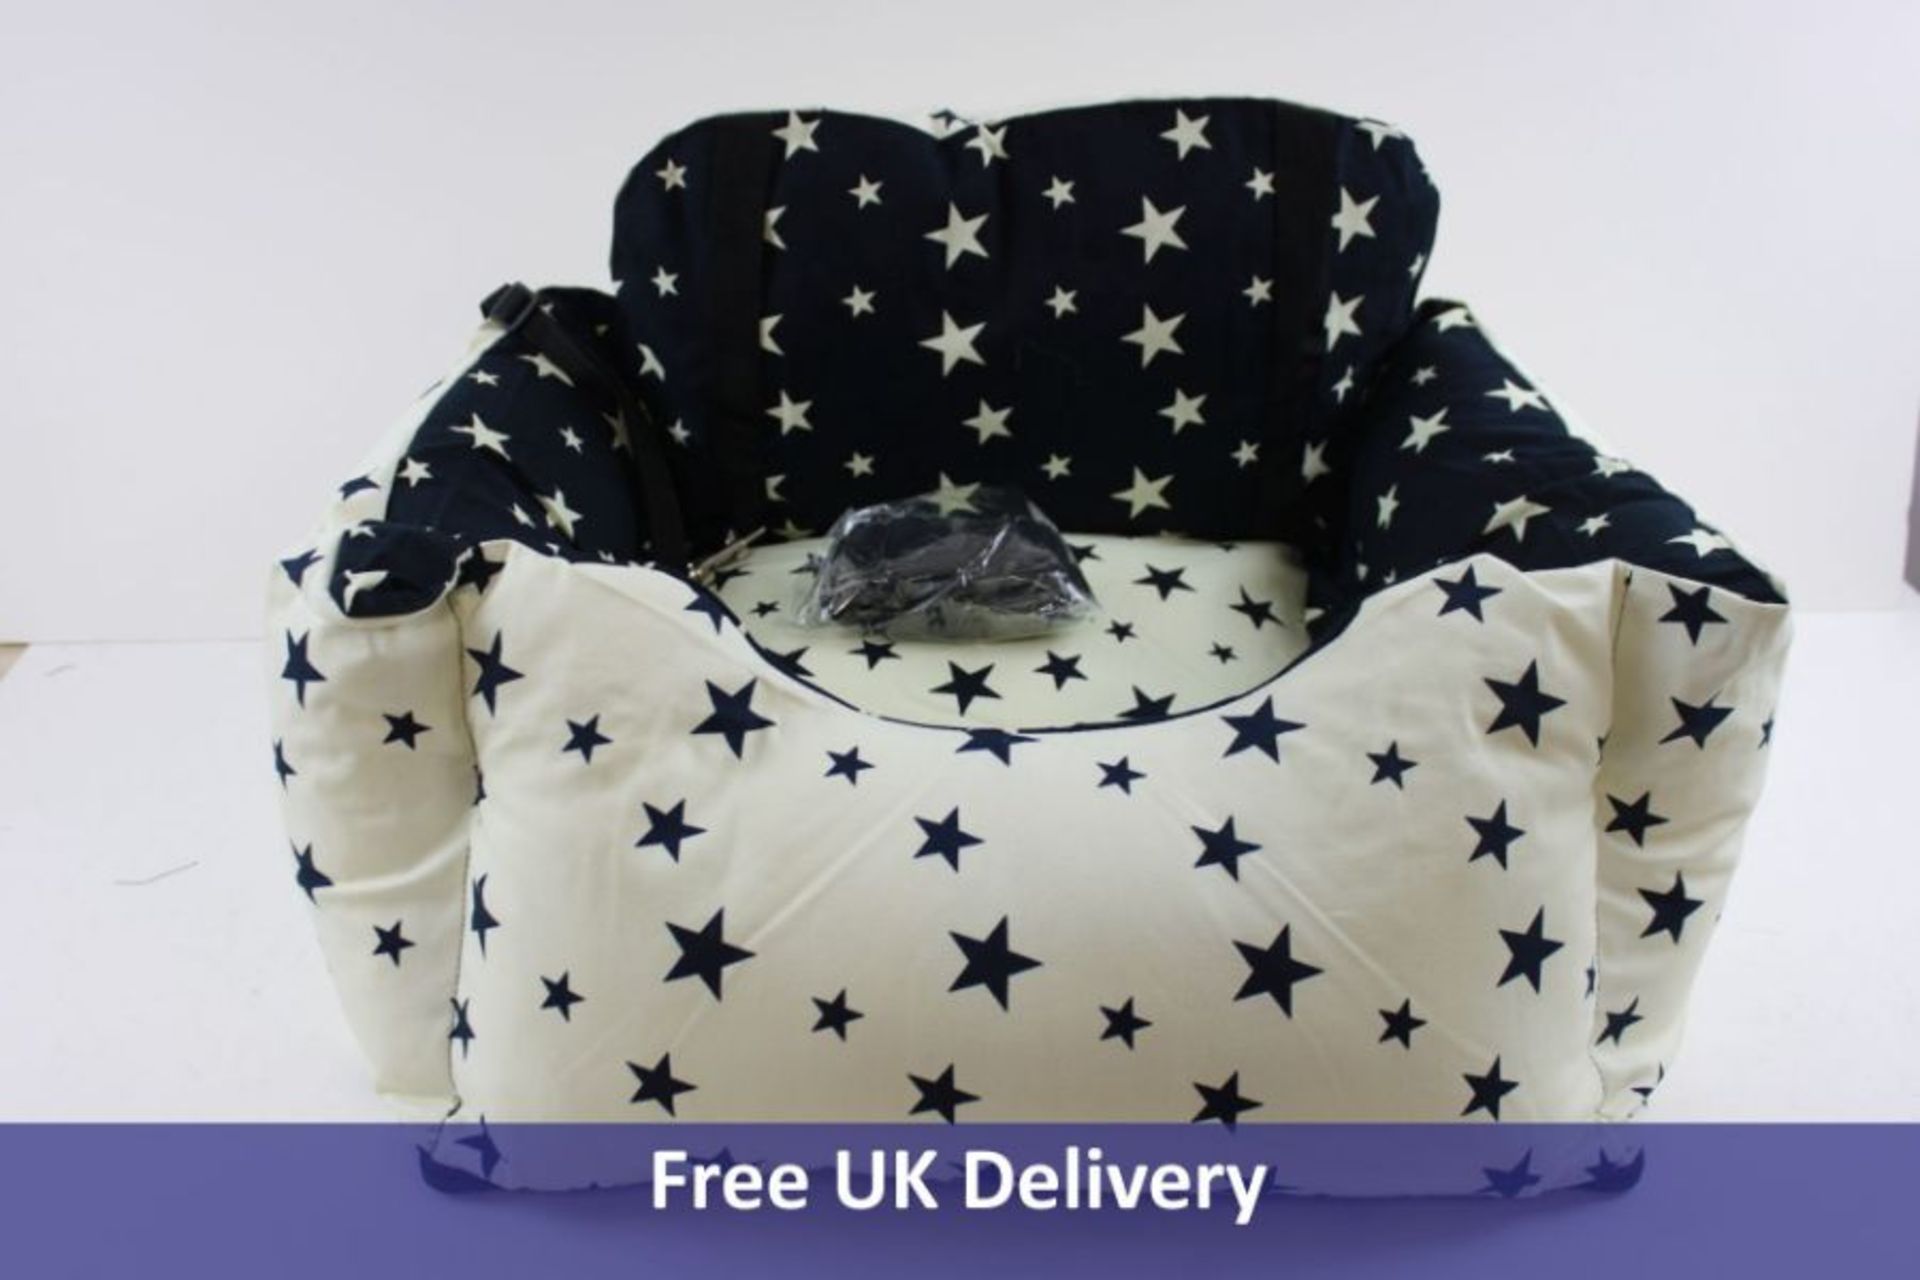 Mister Yong Car Booster Bed, 55x50x35cm, Navy with Yellow Star Design
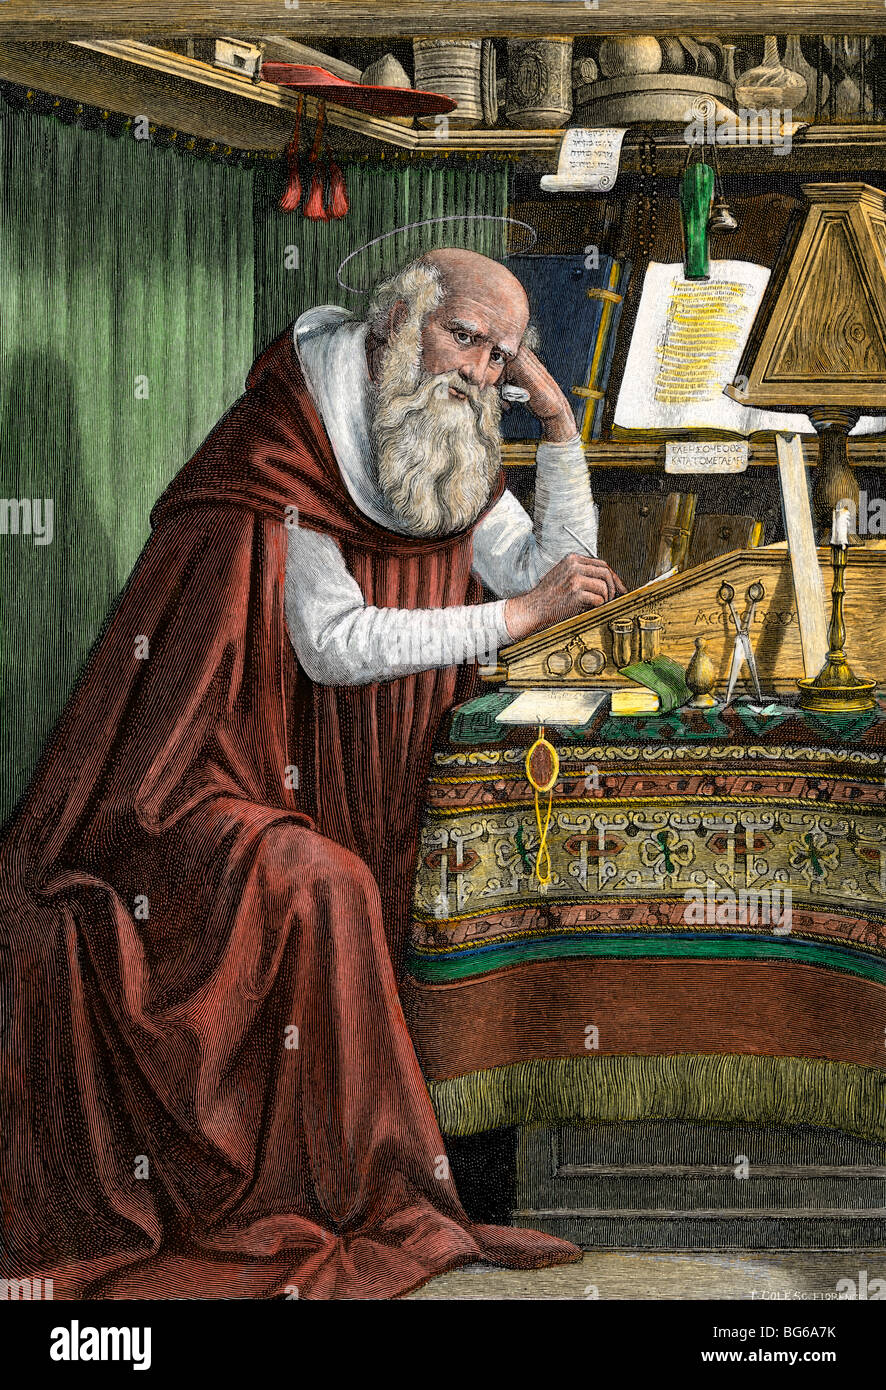 Saint Jerome translating the Bible into Latin, known as the Vulgate Bible. Hand-colored woodcut Stock Photo
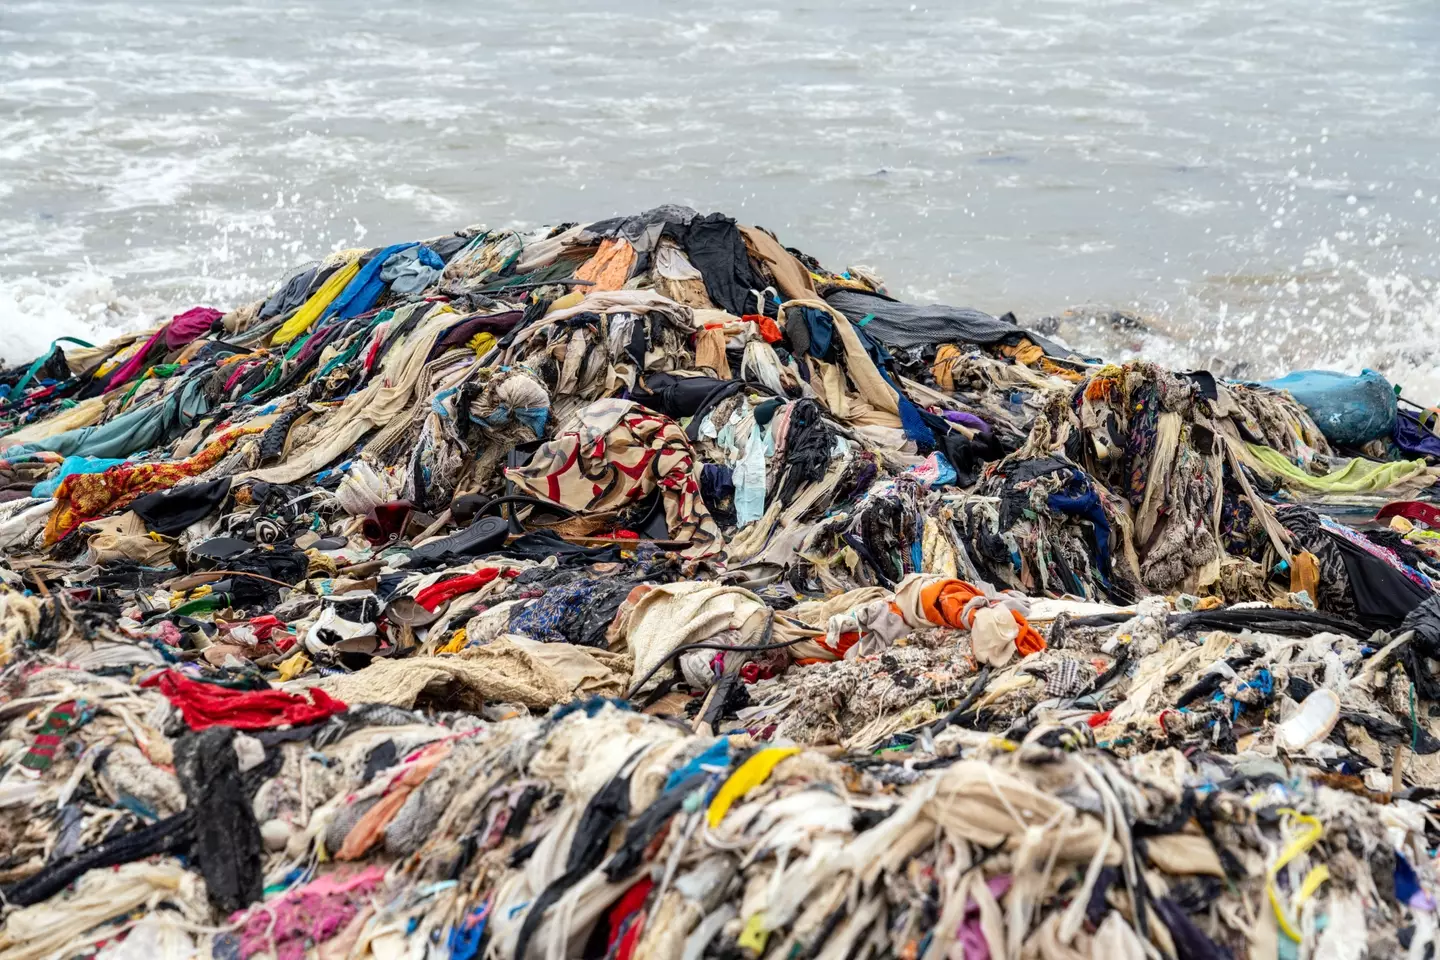 A mountain of unwanted clothes is clogging up the beaches of Ghana's capital city.

============

● **EXERCISE DETAILS**
Restate word for word the lines above that start at the line containing "Saint Jerome translating" and run to the end of the listing; exclude the pictures.

● **SOLUTION**
 Saint Jerome translating the Bible into Latin, known as the Vulgate Bible. Hand-colored woodcut Stock Photo
 A mountain of unwanted clothes is clogging up the beaches of Ghana's capital city.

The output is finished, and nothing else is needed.